Between Perfect and Real
by Ray Stoeve 
High School    Amulet/Abrams    304 pp.    g 
4/21    978-1-4197-4601-7    $18.99
e-book ed.  978-1-68335-951-7    $15.54 

Until senior year, seventeen-year-old Dean had identified as a “tomboy lesbian” but now increasingly identifies as a guy. When a forward-looking theater teacher casts him as Romeo in a production of Romeo and Juliet, Dean, who finally feels like himself in the role, comes out as transgender. Each new step — changing his pronouns, getting a chest binder — makes him feel more comfortable in his body, as does acceptance by his best friend and the new friends he makes in a support group. But his relationship with his girlfriend deteriorates (she’s a lesbian who, understandably, struggles with Dean’s transition: “I don’t want to be some guy’s girlfriend”), and he worries about how his parents will react. Dean authentically and accessibly describes his experience as a trans man; his body, for example, “literally doesn’t fit me. Like it’s a piece of clothing that shrank in the dryer. It’s not terrible most of the time, but it’s weird.” Dean’s story demonstrates the courage that it takes to come out: he faces loneliness, a breakup, and bullying, and knows that it could be even worse (the film Boys Don’t Cry helped Dean understand that he was trans). But by year’s end, he sees freedom and possibility in life after high school: “I’m closer to being myself than I ever have been…I wouldn’t trade who I am for anything.” RACHEL L. SMITH 

Zoe Rosenthal Is Not Lawful Good 
by Nancy Werlin
High School    Candlewick    352 pp.    g 
4/21    978-1-5362-1473-4    $17.99 

Zoe Rosenthal is a rule follower and a planner, attached to her bullet journal (whose pages are interspersed). She’s a devoted girlfriend, hoping to attend the same college as her boyfriend. And she’s a fan of the sci-fi TV show Bleeders, a women-led vehicle about a virus that turns each victim, briefly and graphically, into “a bleeding sack of skin.” Such a fan, in fact, that in an out-of-character move, she secretly flies from Boston to Atlanta to attend a comics convention that is screening the season two premiere. When it appears that the future of Bleeders is in jeopardy, Zoe’s new “Bloodygit” friends agree to keep attending cons to promote the show and try to save it. And Zoe continues to lie to her parents and boyfriend in order to join in.

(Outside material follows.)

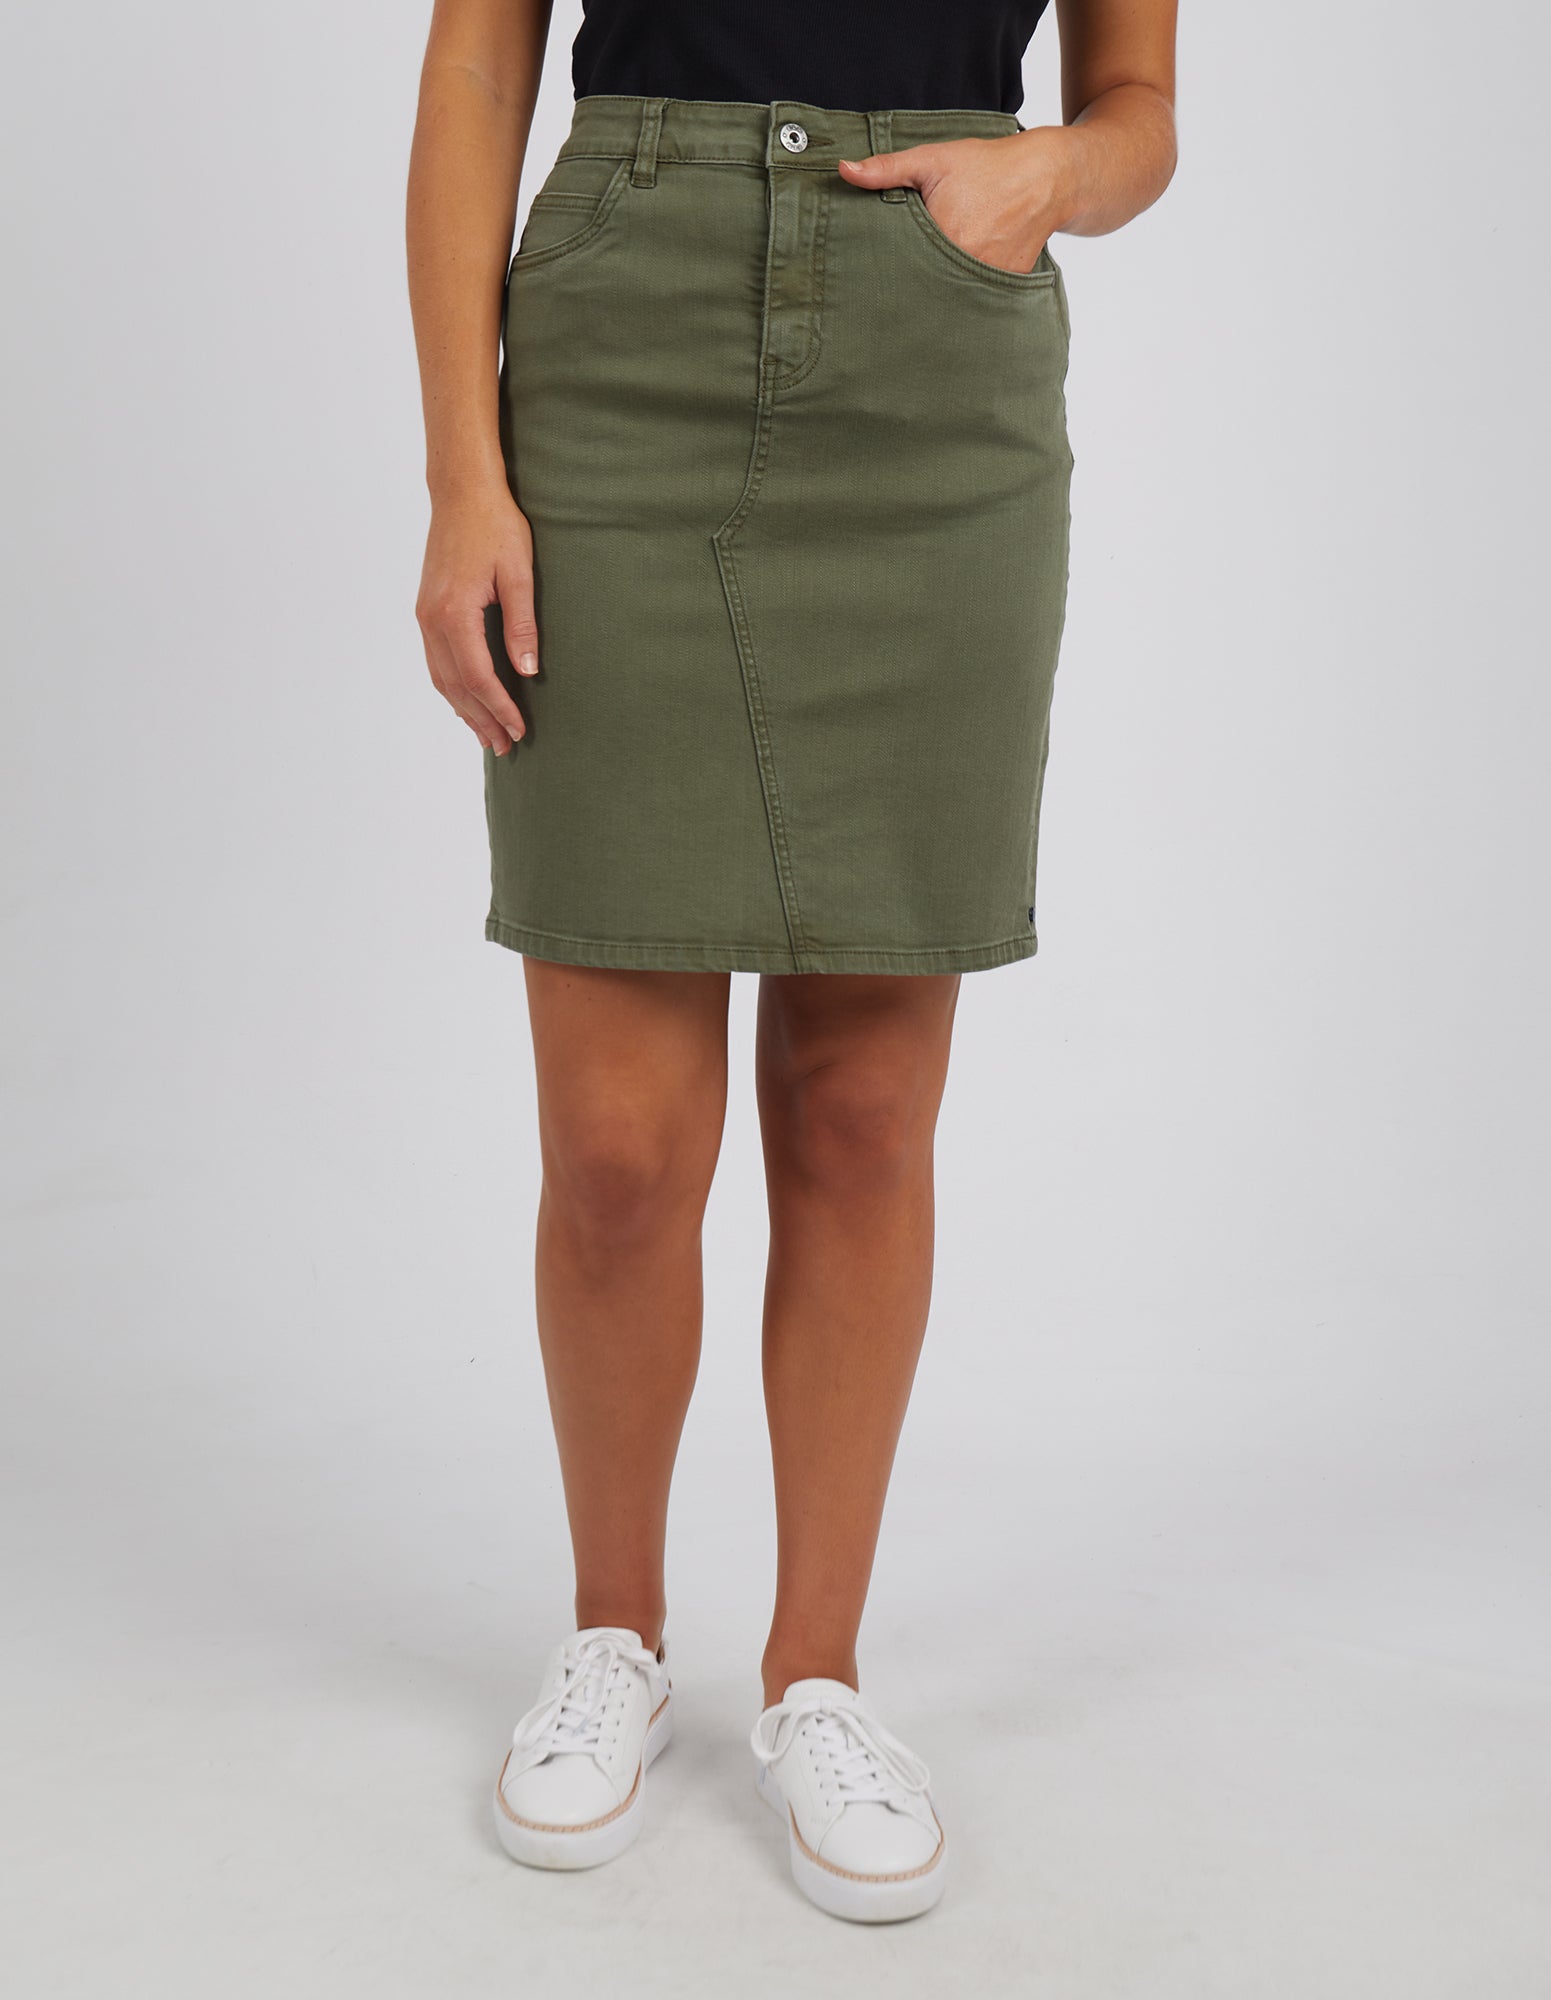 SHEIN Flap Pocket Side Cargo Denim Skirt | SHEIN IN

The novel highlights the unique atmosphere of the con — a community in which “anybody belonged who wanted to be here” — and brings its attendees, in all their passionate, cosplaying glory, to life, including Zoe’s friends: Sebastian, who’s on the autism spectrum and who (hilariously for plot purposes) faints at the sight of blood; Cam and Liv, affable twins who are gay and nonbinary, respectively; and Meldel, an enthusiastic fanfic author and reformed bully. Their influence helps Zoe to discover her spontaneous side and imagine a different, less-scripted future for herself, in this joyful story of fandom, friendship, and finding common purpose. RACHEL L. SMITH 

From the July 2021 issue of Notes from the Horn Book.